T cell exhaustion in CLL

Interaction of B7/CD28 family members are known to regulate and fine-tune the magnitude and quality of T cell responses. Recently, a novel inhibitory receptor on T cells PD-1 (CD279) was shown to interact with two B7 receptor family members PD-L1 (B7-H1; CD274) and PD-L2 (B7-DC; CD273). Originally , it was described that PD-1 is expressed following T cell activation and mediates peripheral T cell tolerance upon interaction with PD- L1/2 expressing target cells. Novel findings have shown that viruses and some tumours exploit the PD-1/PD-L pathway for immune evasion by tolerogenizing specific T cells to induce a state termed "T cell exhaustion", characterized by constitutive expression of PD-1, ablation of cytokine production and decreased proliferative potential. Chronic lymphocytic leukaemia (CLL) is a B cell malignancy marked by accumulation of monoclonal CD5+ CD19+ B cells in blood and lymphoid organs. Although CLL is a B cell lymphoma, early studies in our laboratory and from other groups have pointed to T cell involvement in disease progression and tumour growth. Based on these findings, we started to phenotypically characterize T cells from CLL patients in regard to T cell exhaustion and found a significant higher proportion of exhausted T cells in CLL patients compared to healthy individuals. From these preliminary data, we now propose a project that aims at elucidating the significance of exhausted T cells for CLL using primary patients` samples as well as a mouse model for this disease. Since CLL is still incurable, our findings will be crucial for a deeper understanding of this disease and for the development of new therapeutic approaches.
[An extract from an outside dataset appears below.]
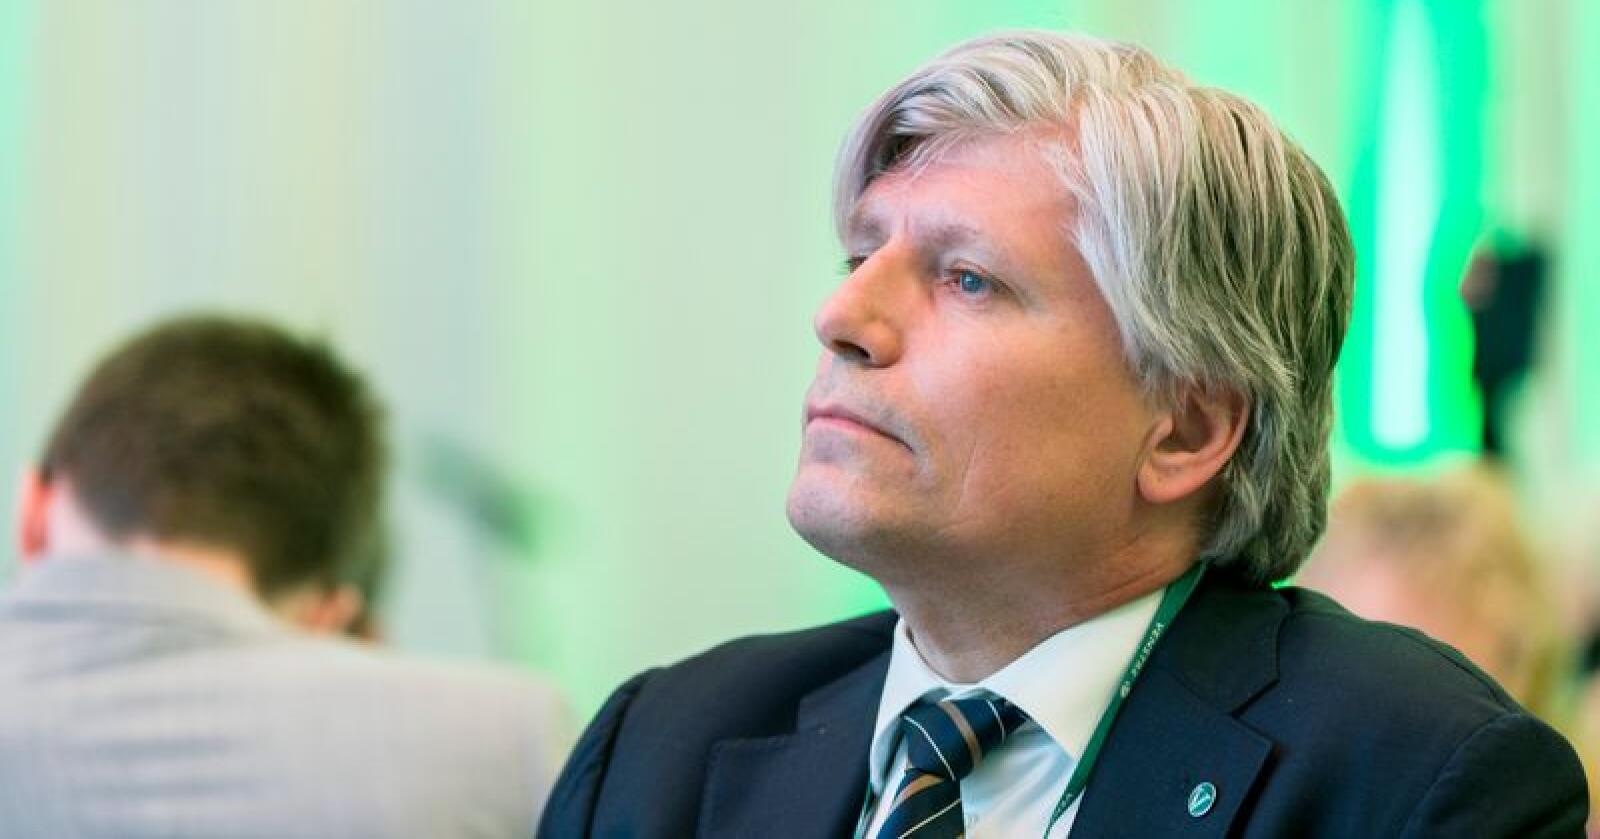 Klima- og miljøminister Ola Elvestuen har besluttet å utsette rivingen av seterbygningene i Vesllie på Hjerkinn etter massive protester. Foto: Ned Alley / NTB scanpix

T cell exhaustion is the functional silencing of antigen experienced T cells, contributing to peripheral T cell tolerance to avoid extensive immune pathology during T cell responses. T cell exhaustion was initially reported for virus specific T cells upon chronic infection, such as HIV or CMV. However, T cell exhaustion was also found to occur in cancer and is supposed to significantly contribute to immune evasion of cancer cells by rendering cancer specific T cells non-functional. A key molecule in T cell exhaustion was found to be programmed death-1 (PD-1), which functionally impedes T cell receptor mediated signaling on exhausted T cells. In addition to PD-1, a number of different inhibitory receptors were recently found to be associated with T cell exhaustion. The concept that the exhausted phenotype could be reversed by simply blocking these inhibitory receptors with monoclonal antibodies led to a renaissance of cancer immune therapy with specific immune checkpoint blockade using PD-1 antibodies being considered as a major breakthrough in cancer treatment. In this project, we were able to gain new insight into T cell exhaustion in chronic lymphocytic leukemia and contributed to a better understanding regarding receptor composition and reactivability of silenced T cells intending to increase efficacy and efficiency of future checkpoint inhibition strategies.